Миссис Пойзер слишком эпиграмматична; ее мудрость пахнет лампой. Я не хочу сказать, что она неестественна и что женщины ее класса часто не одарены ее домашней беглостью, ее проницательностью и ее тягой к сильным аналогиям. Но она слишком устойчива; ее мораль слишком визглива — слишком много в стаккато; она слишком редко опускается до обыденности. И все же нельзя отрицать, что она выражает вещи очень удачно. Увещевая Дину Моррис по поводу чрезмерной бескорыстности ее религиозных представлений: «Но что касается этого, — кричит она, — если бы все делали как ты, мир должен был бы остановиться; ибо если бы все пытались обходиться без дома и крова, еды и питья, и всегда говорили, что мы должны презирать вещи мира, как ты говоришь, я хотела бы знать, куда бы делись лучшие запасы, и зерно, и лучшие свежие молочные сыры? Все хотели бы делать хлеб из хвостов, и все бегали бы за всеми остальными, чтобы проповедовать им, вместо того чтобы воспитывать свои семьи и откладывать на случай плохого урожая». И когда Хетти приходит домой поздно из Чейза и утверждает в оправдание, что часы дома намного раньше, чем часы в большом доме: «Что, ты хотела бы, чтобы часы были установлены по времени джентльменов, не так ли? и сидеть жечь свечу, и лежать в постели с солнцем, пекущим тебя, как огурец в раме?» У миссис Пойзер есть что-то почти от янки-проницательности и угловатости; но фигуре сельской домохозяйки из Новой Англии не хватало бы целого диапазона чувств миссис Пойзер, которые, каким бы ни был их эффект в реальной жизни, дает своему предмету в романе по крайней мере очень живописное богатство цвета; постоянное чувство, а именно, нависающего слоя «джентльменов», которых она и ее спутники никогда не могут поднять головы чрезмерно, не ударившись.

Моя главная жалоба на самого Адама Бида заключается в том, что он слишком хорош.
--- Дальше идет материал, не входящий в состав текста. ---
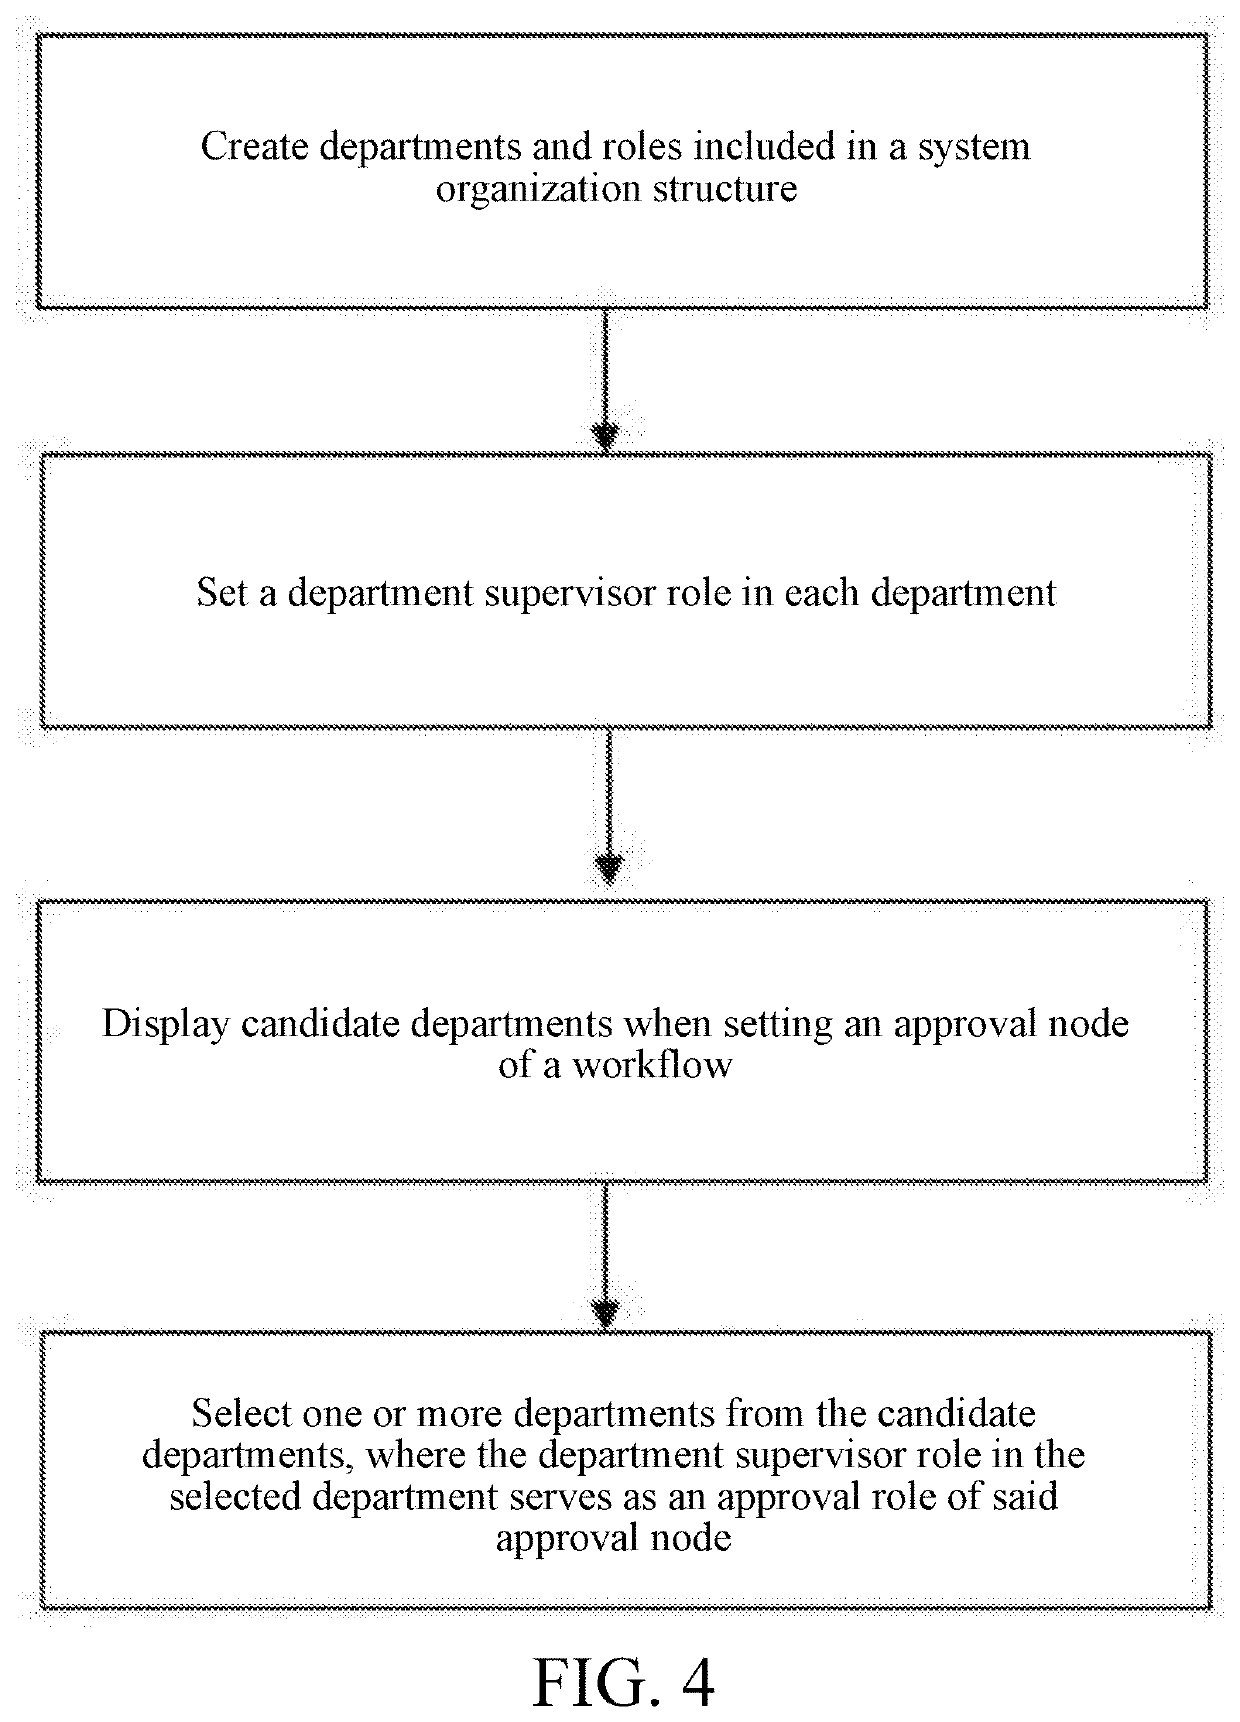 Method for setting up approval role according to department by approval node in workflow
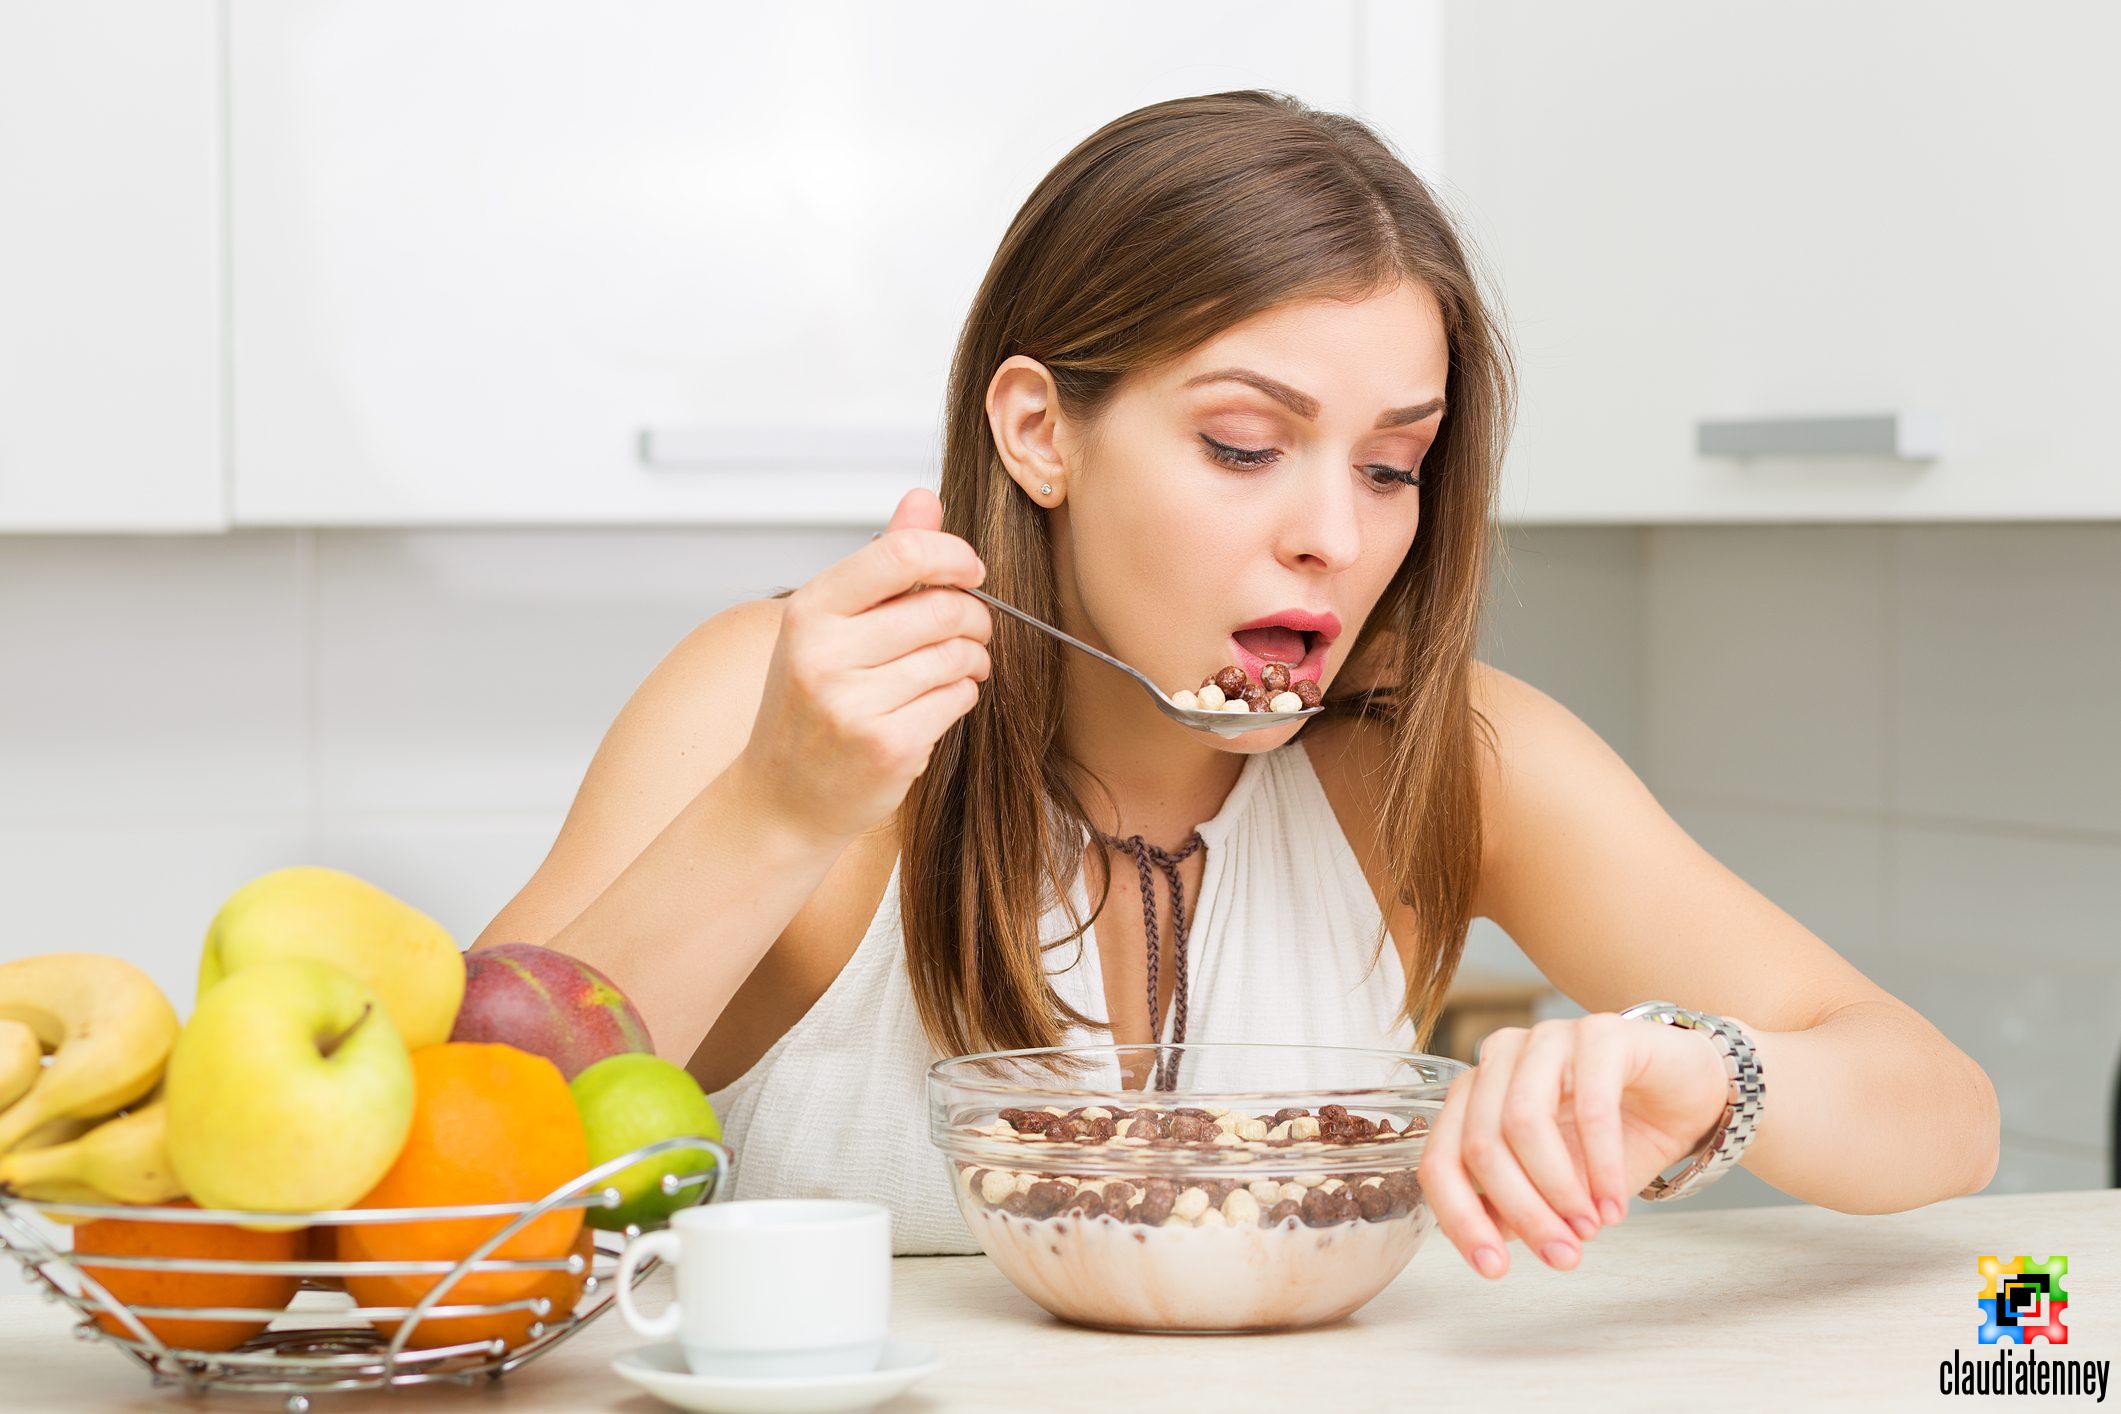 Top 5 Foods You Can Eat Without Chewing

Он задуман, я полагаю, чтобы быть мужчиной во всех отношениях; но, на мой взгляд, не хватает нескольких дюймов. Ему не хватает спонтанности и чувствительности, он слишком жесткоспинный. Ему не хватает того высшего качества, без которого человек никогда не может быть интересен людям, — способности быть искушенным. Его природа лишена богатства или отзывчивости. Я не сомневаюсь, что такие люди, как он, существуют, особенно в трижды английском Лоамшире автора; она частично описала их как класс, с удачливостью, которая несет убеждение. Она утверждает для своего героя, что, хотя он был простым человеком, он был таким же мало обычным человеком, как и гением.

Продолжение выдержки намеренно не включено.